WORK TO COMPLETE >>
Your copy should hold only the lines from the one with "Картинки с разноцветными пузырьками" to the one with "Южнокорейская группа BTS", both included, each exactly as it stands below, with no pictures.

MATERIAL FOR THE TASK >>
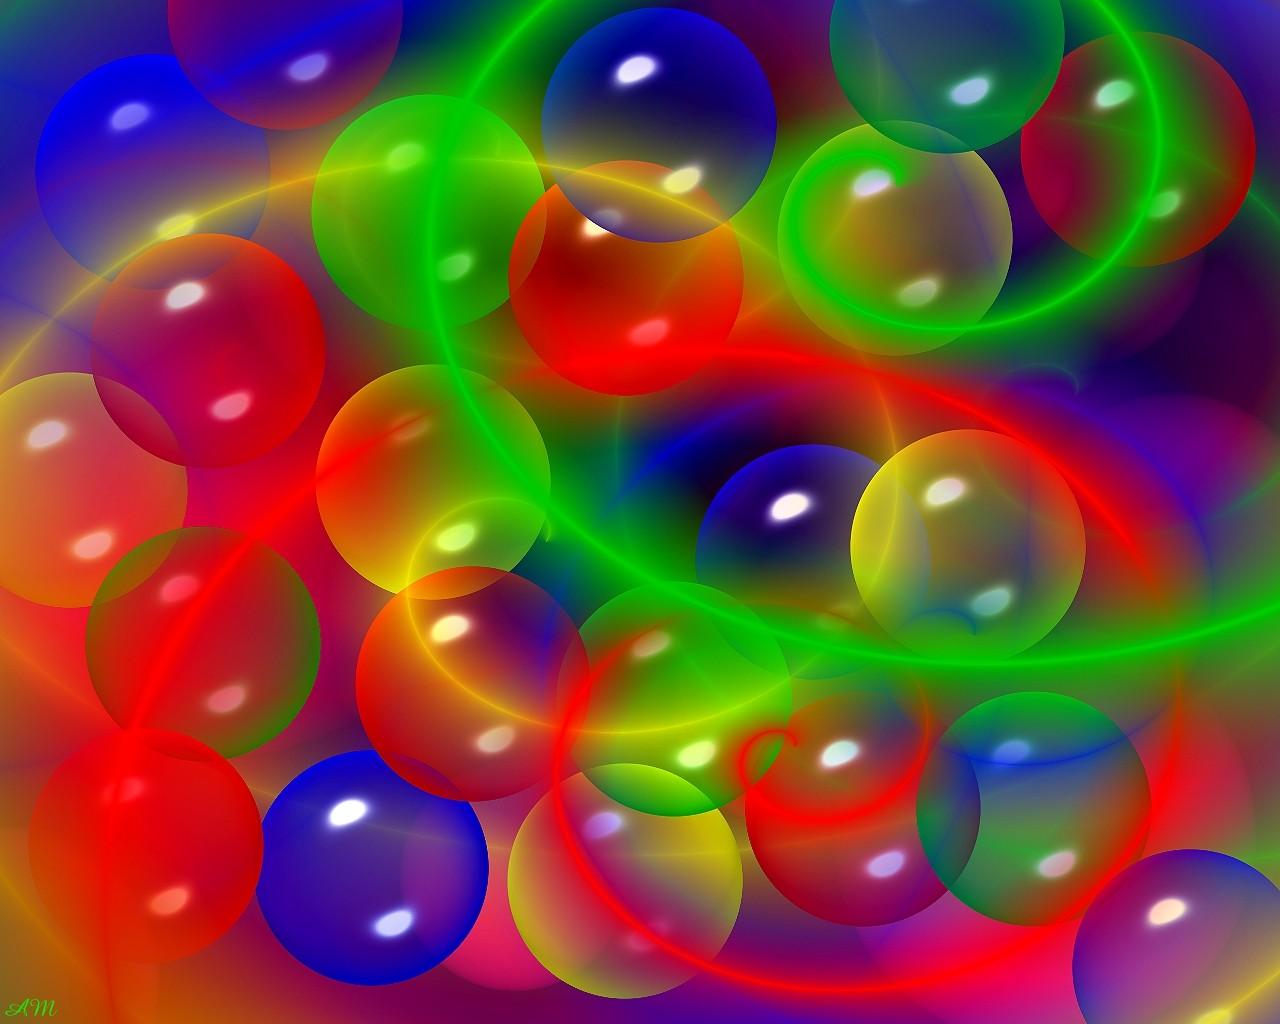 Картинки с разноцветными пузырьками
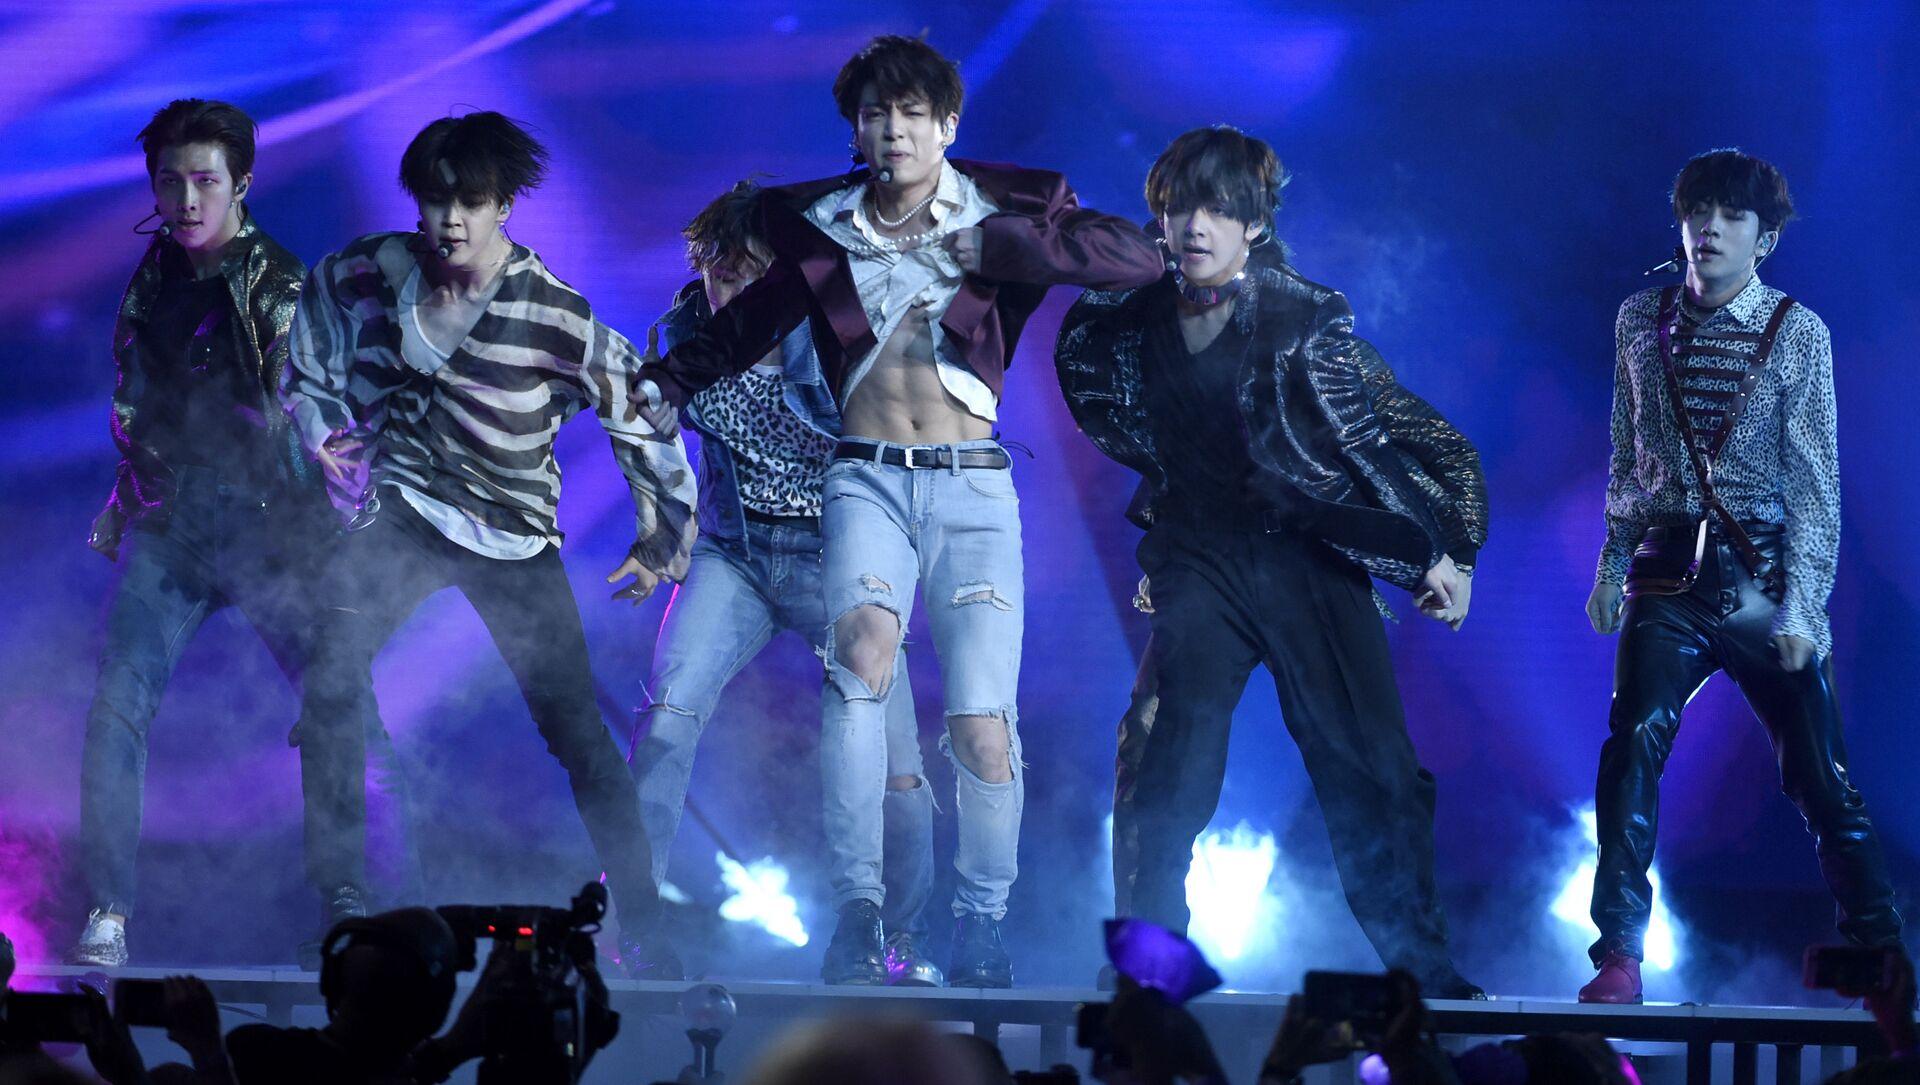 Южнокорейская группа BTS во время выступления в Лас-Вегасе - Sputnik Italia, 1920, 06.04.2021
==
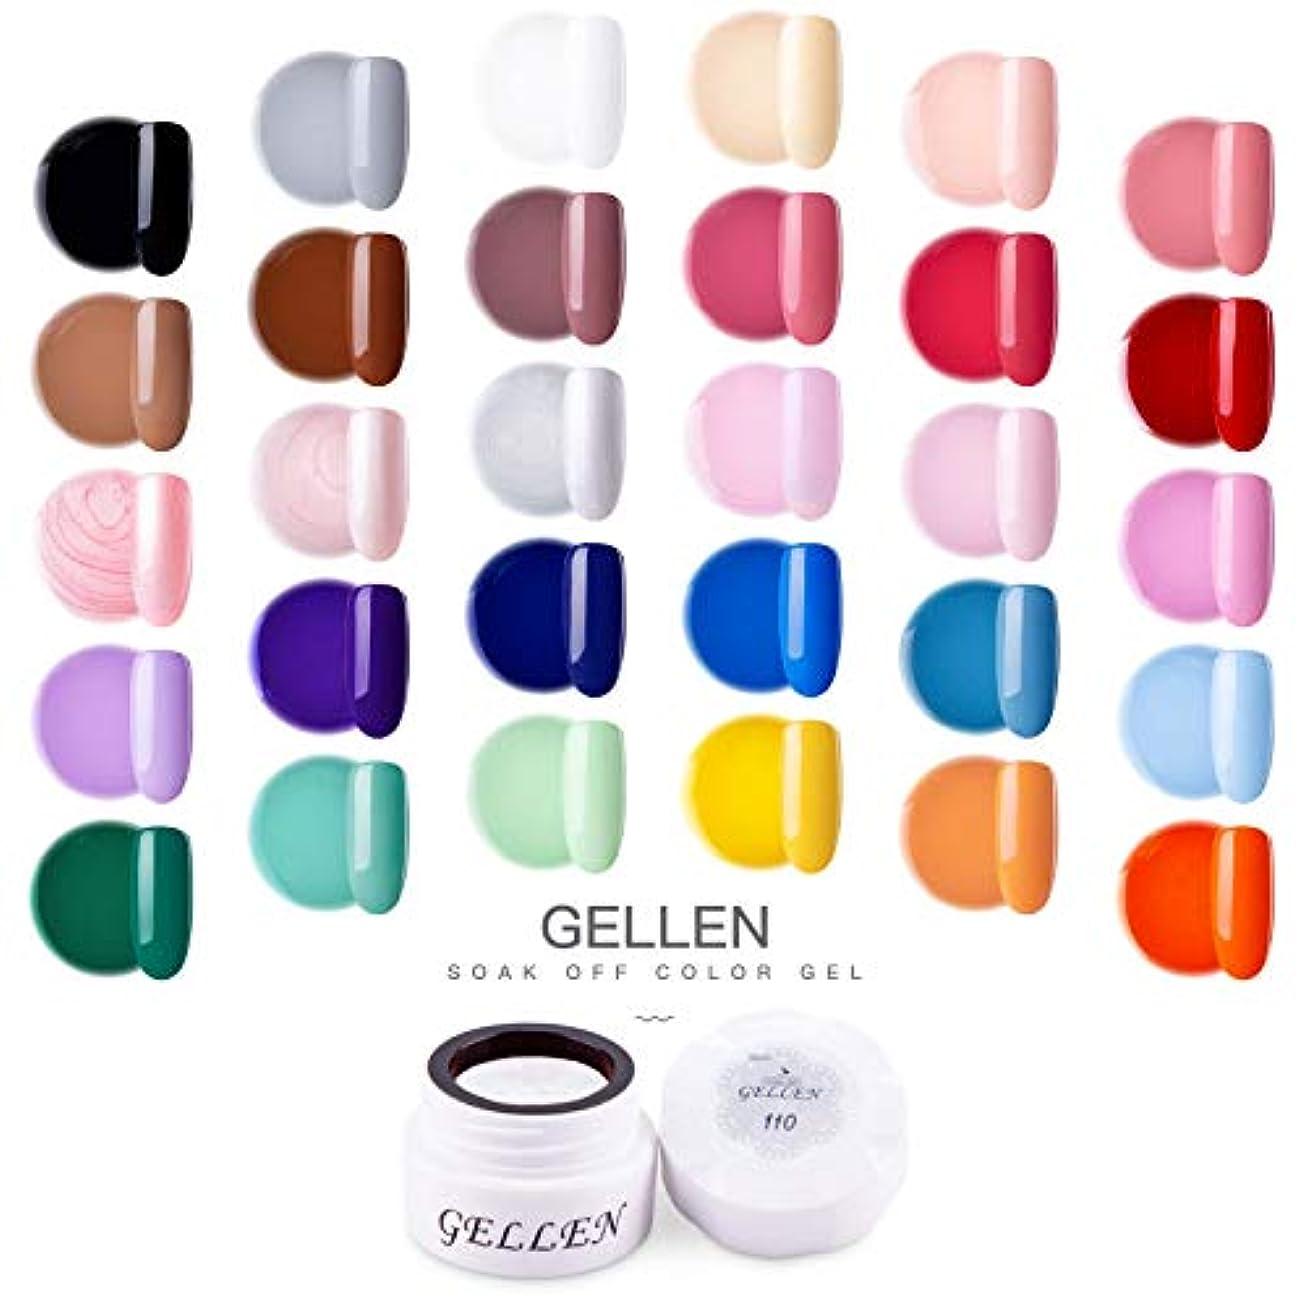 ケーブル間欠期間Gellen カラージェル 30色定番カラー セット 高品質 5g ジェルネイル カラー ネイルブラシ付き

EXERCISE ANSWER >>
 Картинки с разноцветными пузырьками
 Южнокорейская группа BTS во время выступления в Лас-Вегасе - Sputnik Italia, 1920, 06.04.2021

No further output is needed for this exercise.